Life insurance provides financial protection to beneficiaries in the event of the insured’s death.
Which type of insurance is required by law in most U.S. states?
A. Homeowners insurance
B. Health insurance
C. Auto liability insurance
D. Life insurance
C. Auto liability insurance
Most U.S. states require drivers to carry auto liability insurance.
What is an umbrella policy?
A. A type of health insurance that covers all expenses
B. A policy that provides extra liability insurance above standard coverage limits
C. A savings plan for emergency expenses
D. A government-funded insurance plan
B. A policy that provides extra liability insurance above standard coverage limits
An umbrella policy provides additional liability protection beyond the coverage of standard insurance policies.
What is the main benefit of a health savings account (HSA)?
A. It reduces mortgage payments
B. It offers tax advantages for qualified medical expenses
C. It increases social security benefits
D. It eliminates the need for health insurance
B. It offers tax advantages for qualified medical expenses
HSAs provide tax benefits when used for eligible medical expenses, allowing funds to grow tax-free.
Which of the following factors most affects life insurance premiums?
A. The policyholder’s income
B. The policyholder’s health and age
C. The policyholder’s credit score
D. The policyholder’s marital status
B. The policyholder’s health and age
Life insurance premiums are largely determined by the insured’s health and age, as these factors influence life expectancy.

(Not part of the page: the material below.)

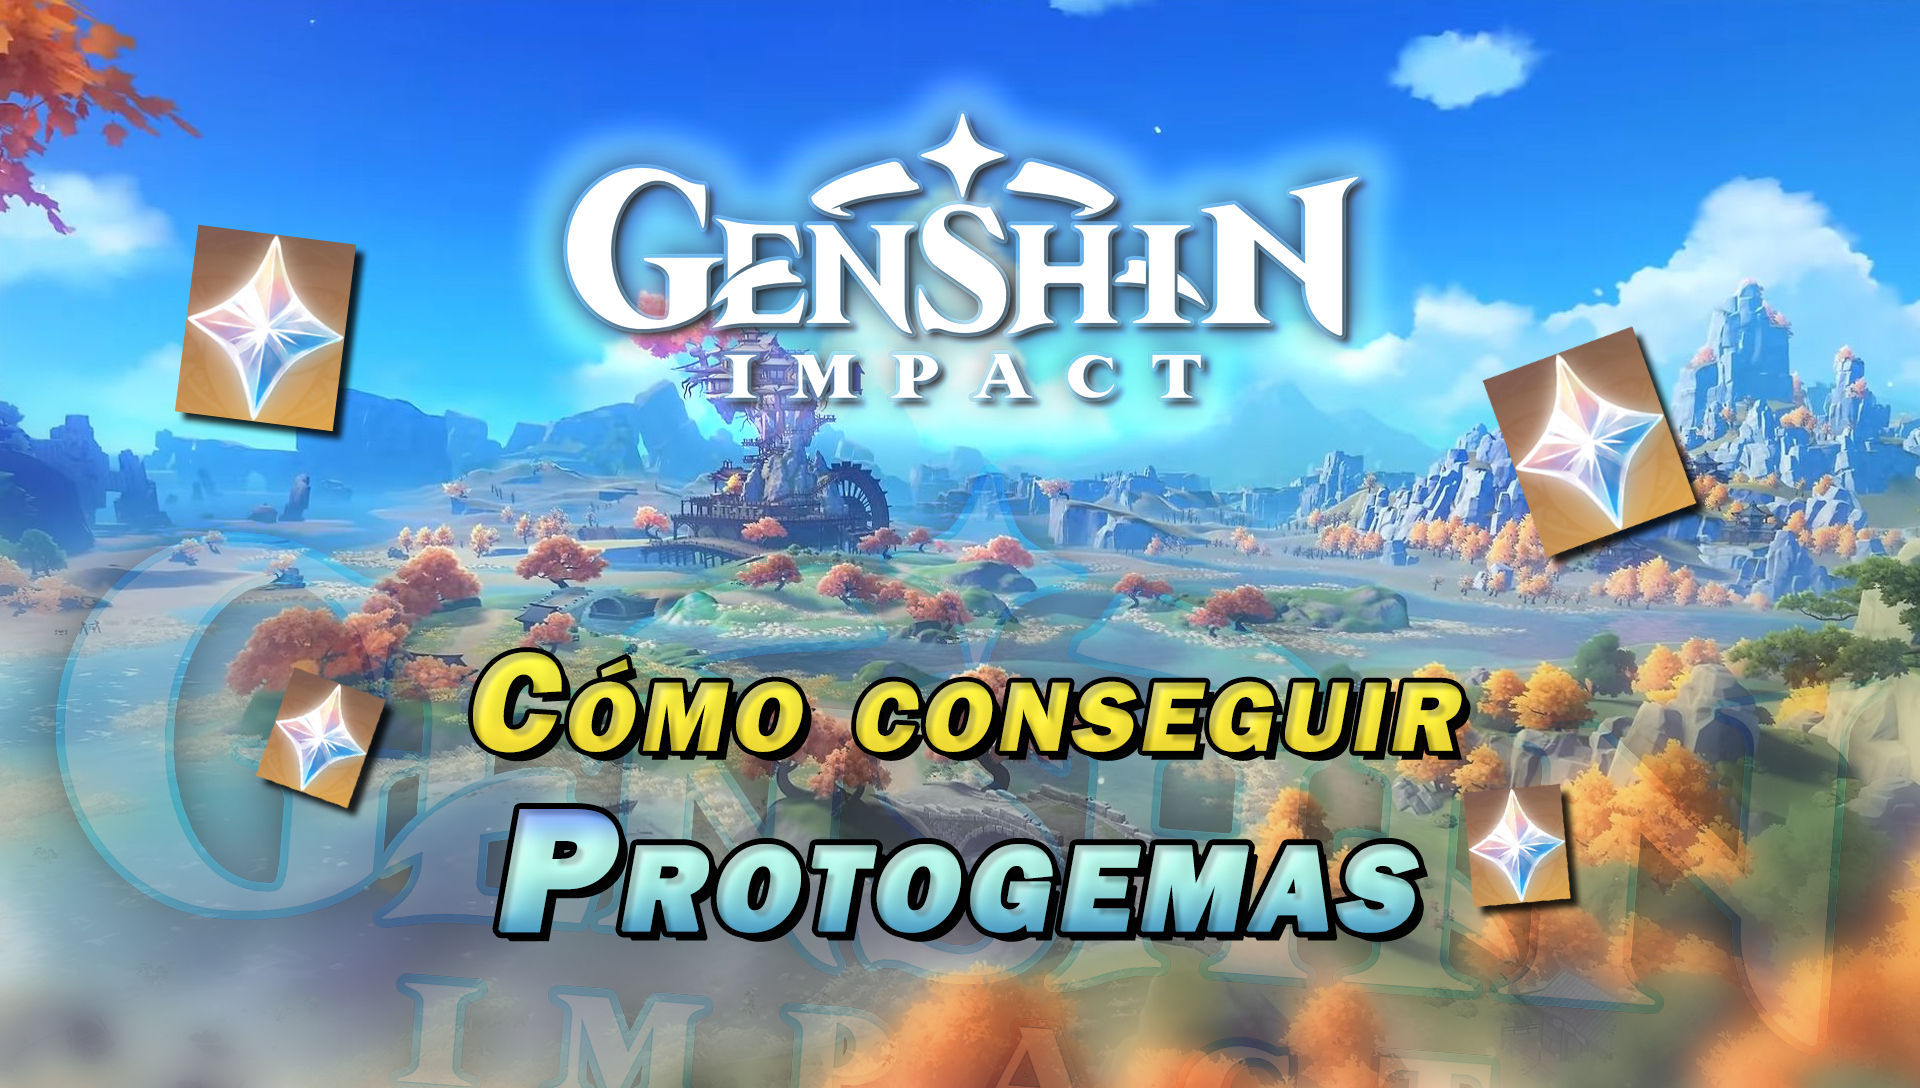 Genshin Impact lanza dos nuevos códigos con Protogemas gratis para

A client is unsure about how much life insurance coverage they need. What factor should they prioritize when deciding?
A. Their annual discretionary spending
B. Their family’s future financial needs and liabilities
C. The cost of their current mortgage
D. The premiums offered by the lowest-cost insurance company
B. Their family’s future financial needs and liabilities.
The amount of life insurance should be based on covering future financial obligations, such as debt, living expenses, and education costs for beneficiaries.

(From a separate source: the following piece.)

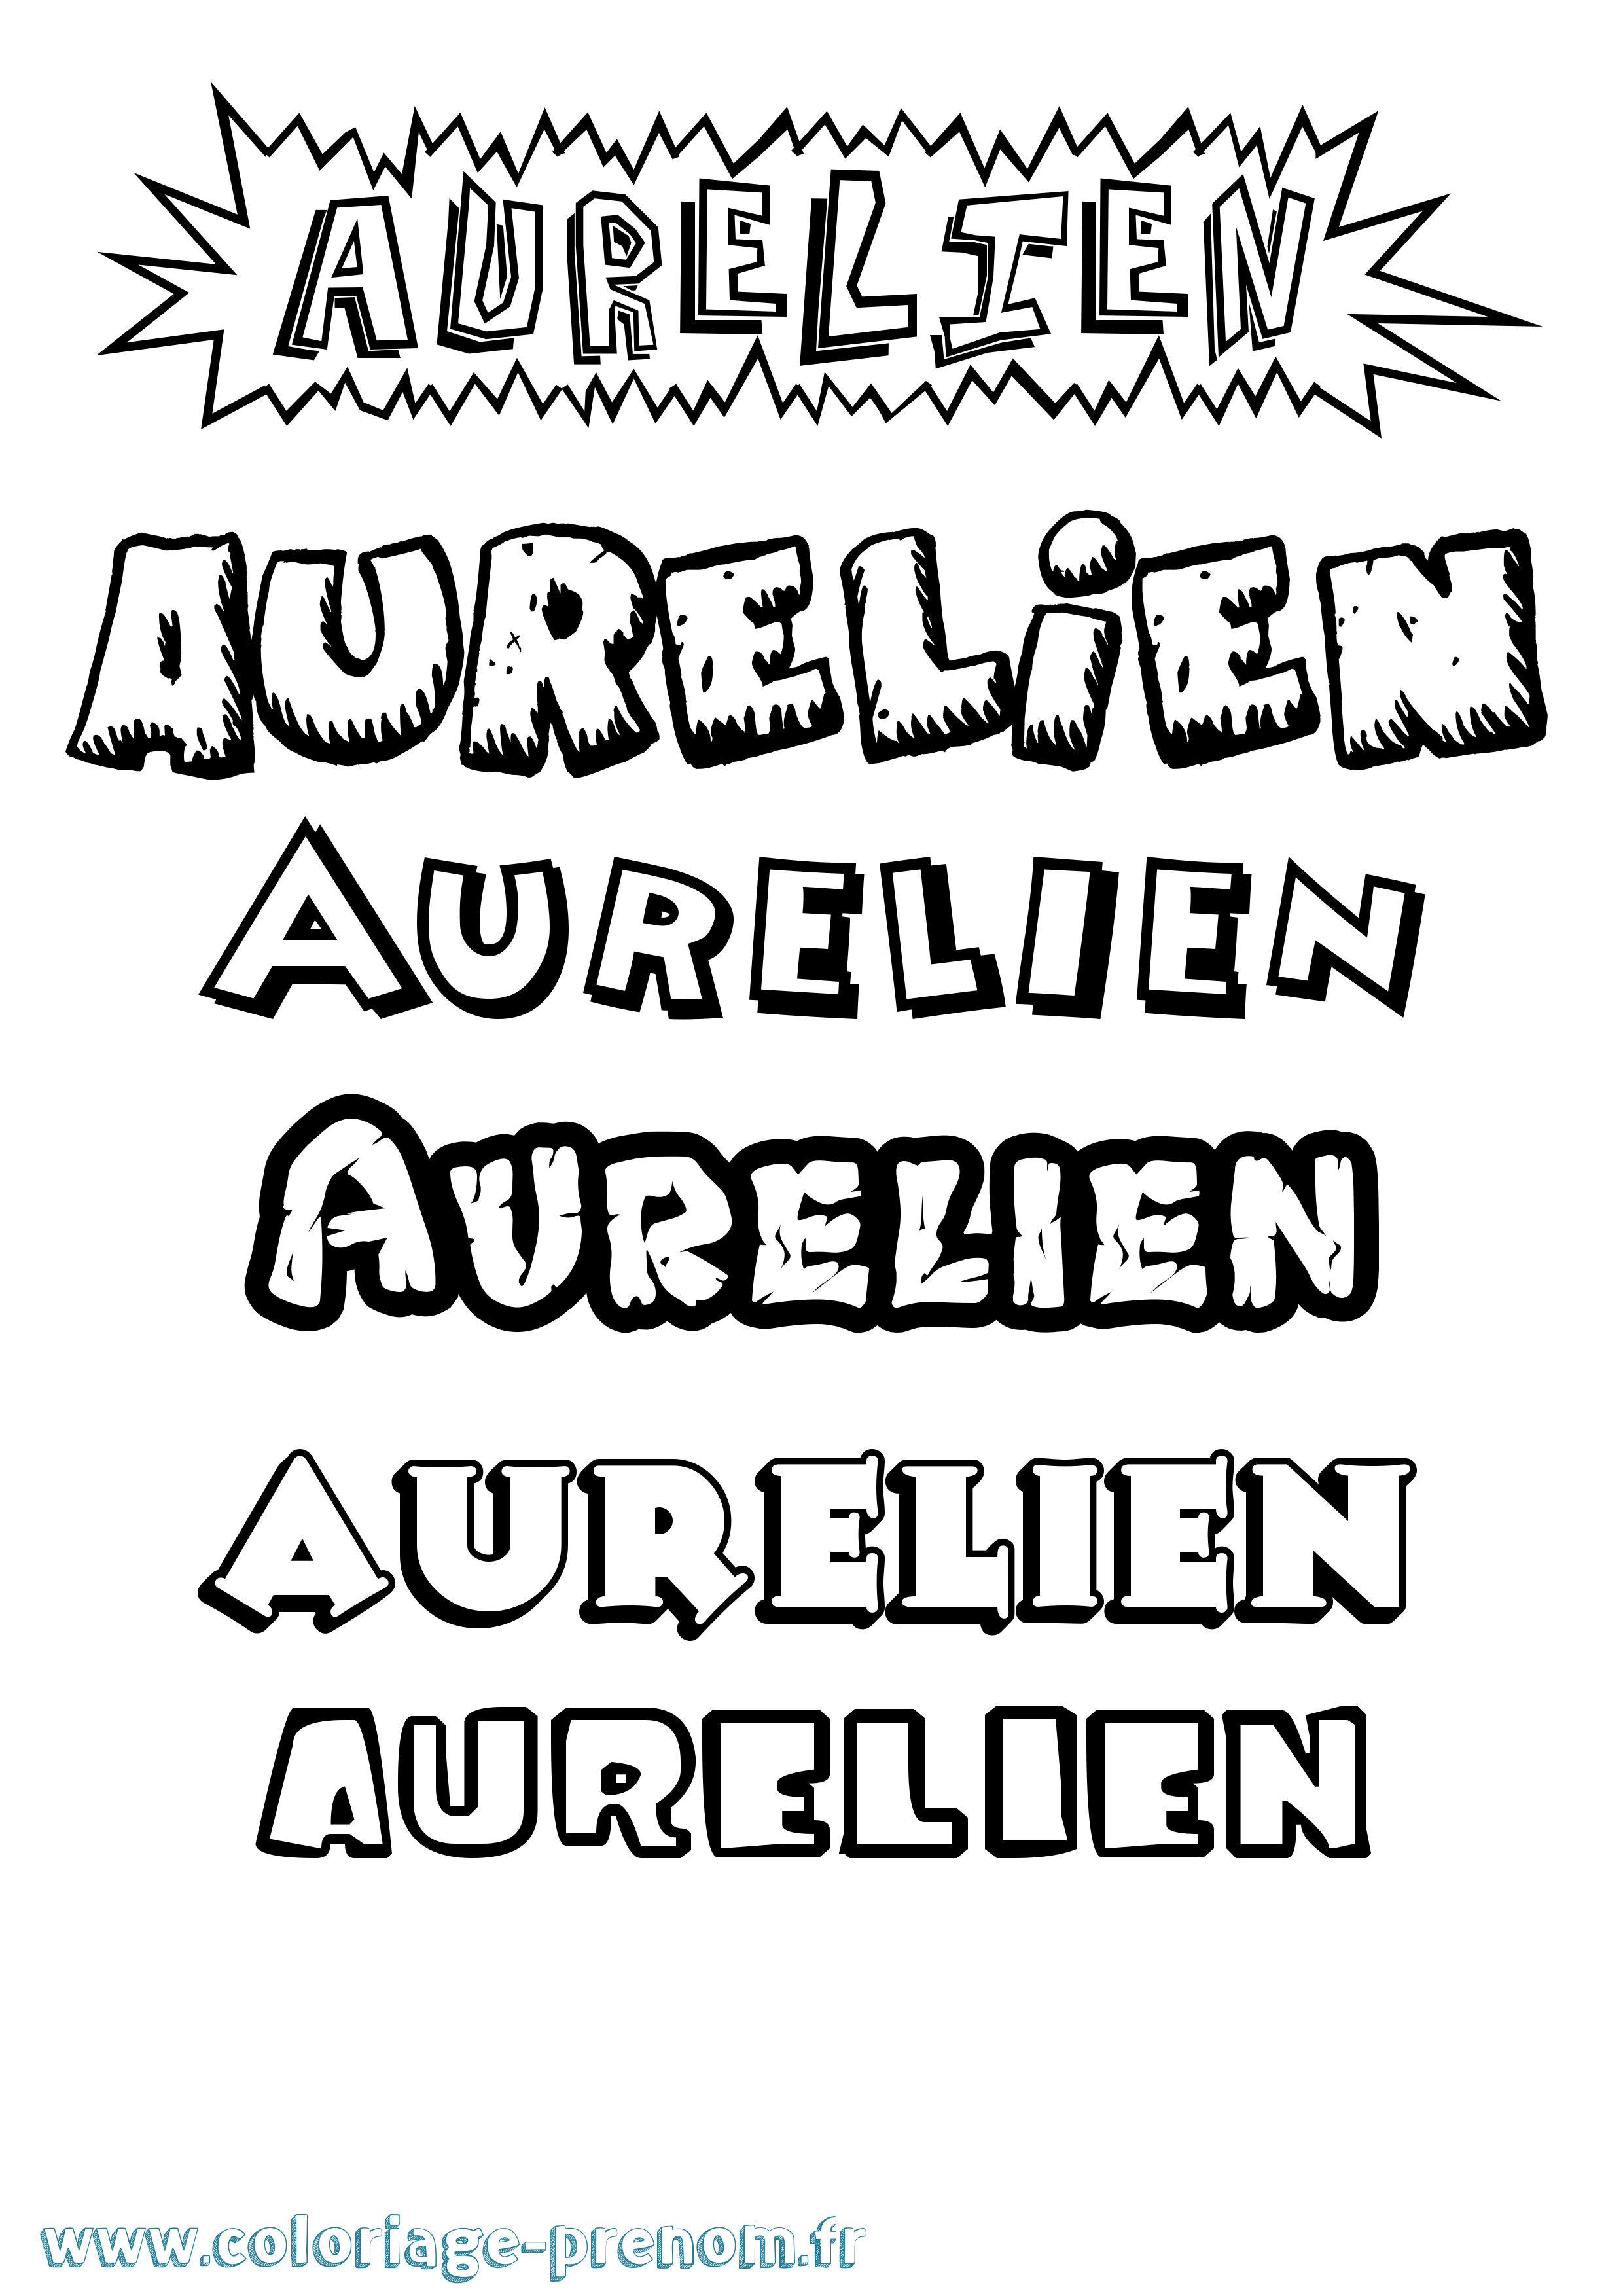 Coloriage prénom Aurelien

A client is considering whether to increase their emergency savings or purchase additional insurance coverage. How should they approach this decision?
A. Evaluate their current coverage for financial risks and the adequacy of their emergency fund
B. Always prioritize emergency savings over insurance
C. Purchase insurance only if it costs less than their monthly savings
D. Avoid purchasing any additional insurance
A. Evaluate their current coverage for financial risks and the adequacy of their emergency fund
The client should assess whether their current risk coverage is sufficient and if their emergency savings can handle unexpected events.

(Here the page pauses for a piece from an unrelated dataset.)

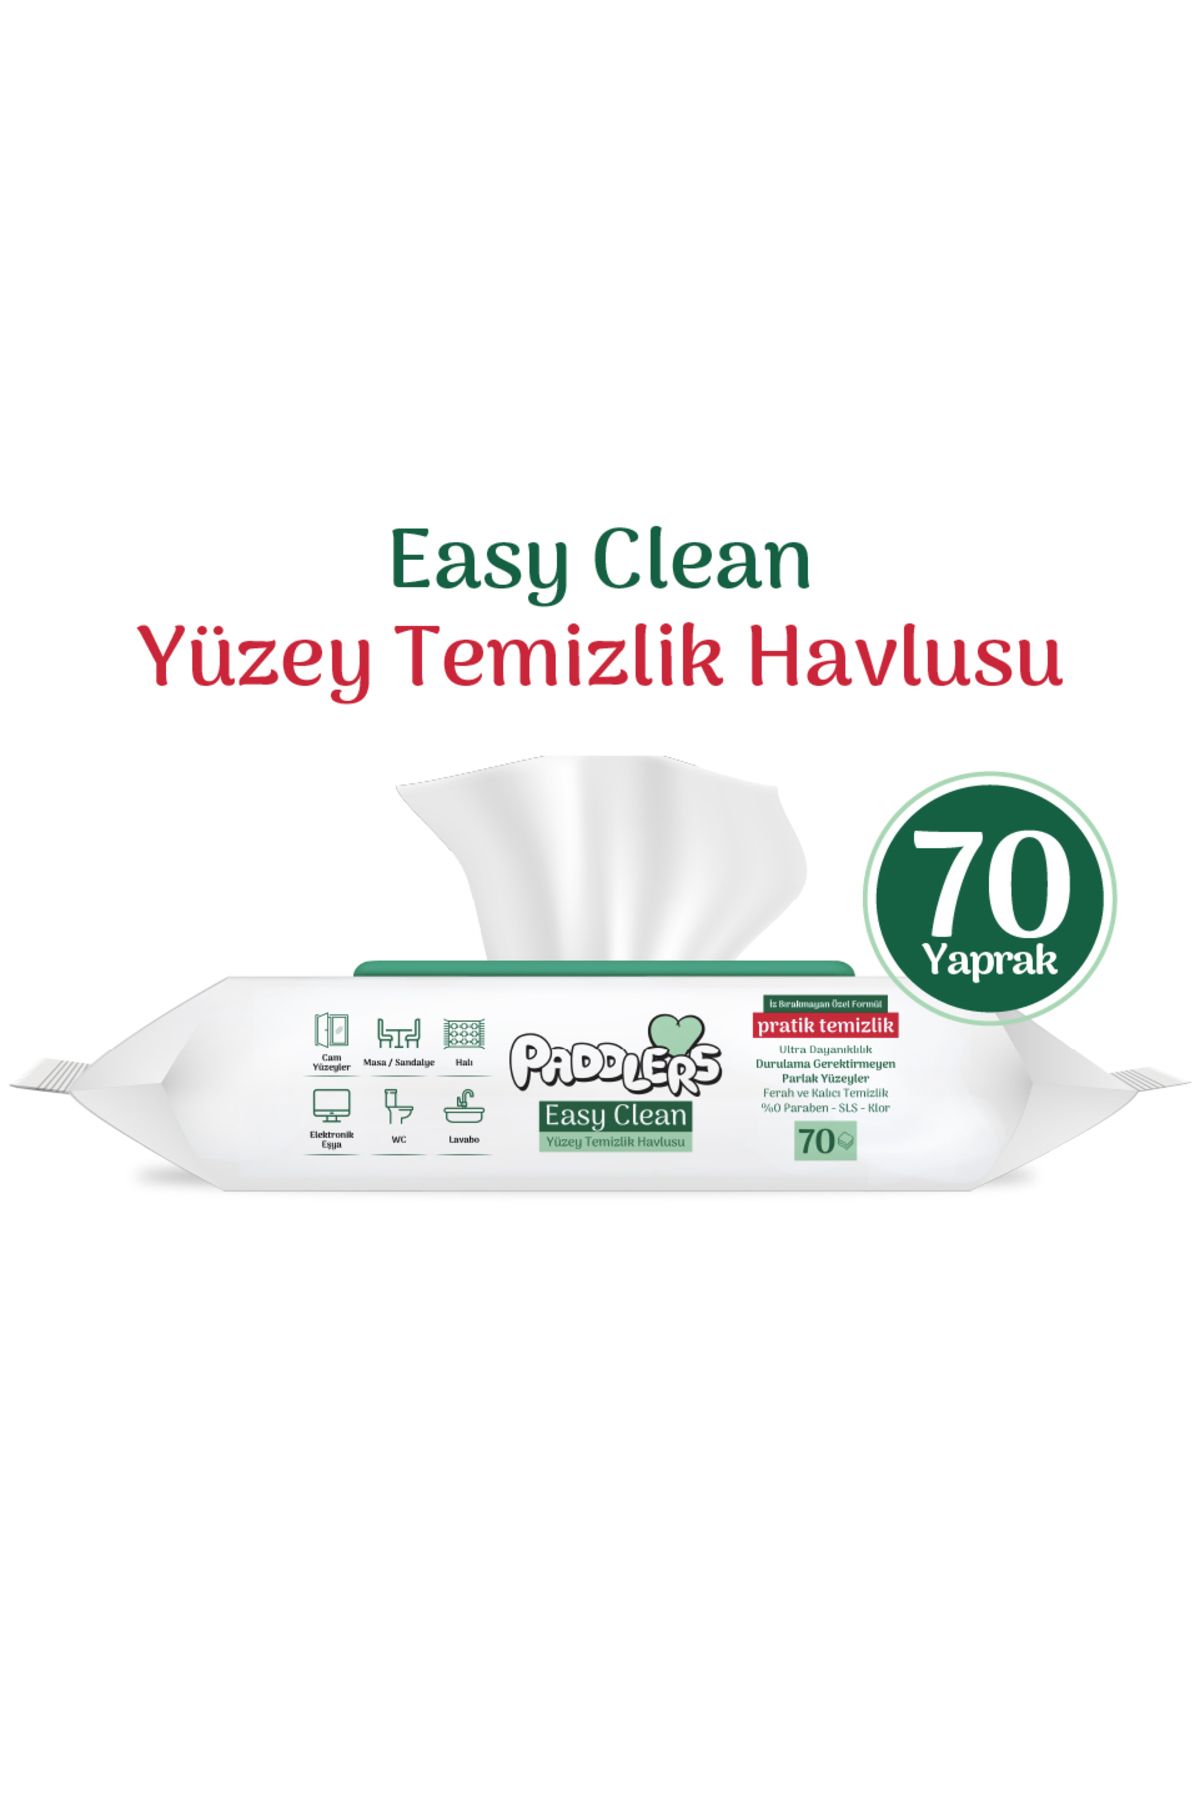 Paddlers Easy Clean Beyaz Sabun Katkılı Yüzey temizlik Havlusu 70 Yaprak

A client is deciding whether to buy term life insurance or whole life insurance. Which factor should guide their decision?
A. Whether they want a savings component as part of the policy.
B. The length of time they have been employed.
C. The number of cars they own.
D. Their credit card balances.
A. Whether they want a savings component as part of the policy
Whole life insurance includes a savings component, while term life is purely protection for a specific period.
A client wants to know how much they should contribute to their health savings account (HSA) each year. What would you suggest?
A. Contribute the maximum allowed by law if they expect significant medical expenses
B. Only contribute if they are in poor health
C. Contribute only to meet their annual deductible
D. Avoid contributing if they have a low income
A. Contribute the maximum allowed by law if they expect significant medical expenses
Contributing the maximum to an HSA provides the greatest tax benefits and prepares the client for future healthcare costs.
A client is considering whether to purchase additional disability insurance. What question should they ask themselves?
A. How much would they need to replace their income if they were unable to work?
B How many years until retirement?
C. How long their mortgage will take to pay off.
D. Whether they have a family history of disability.
A) How much would they need to replace their income if they were unable to work?
Disability insurance replaces income, so the client should determine how much coverage they would need to maintain their standard of living.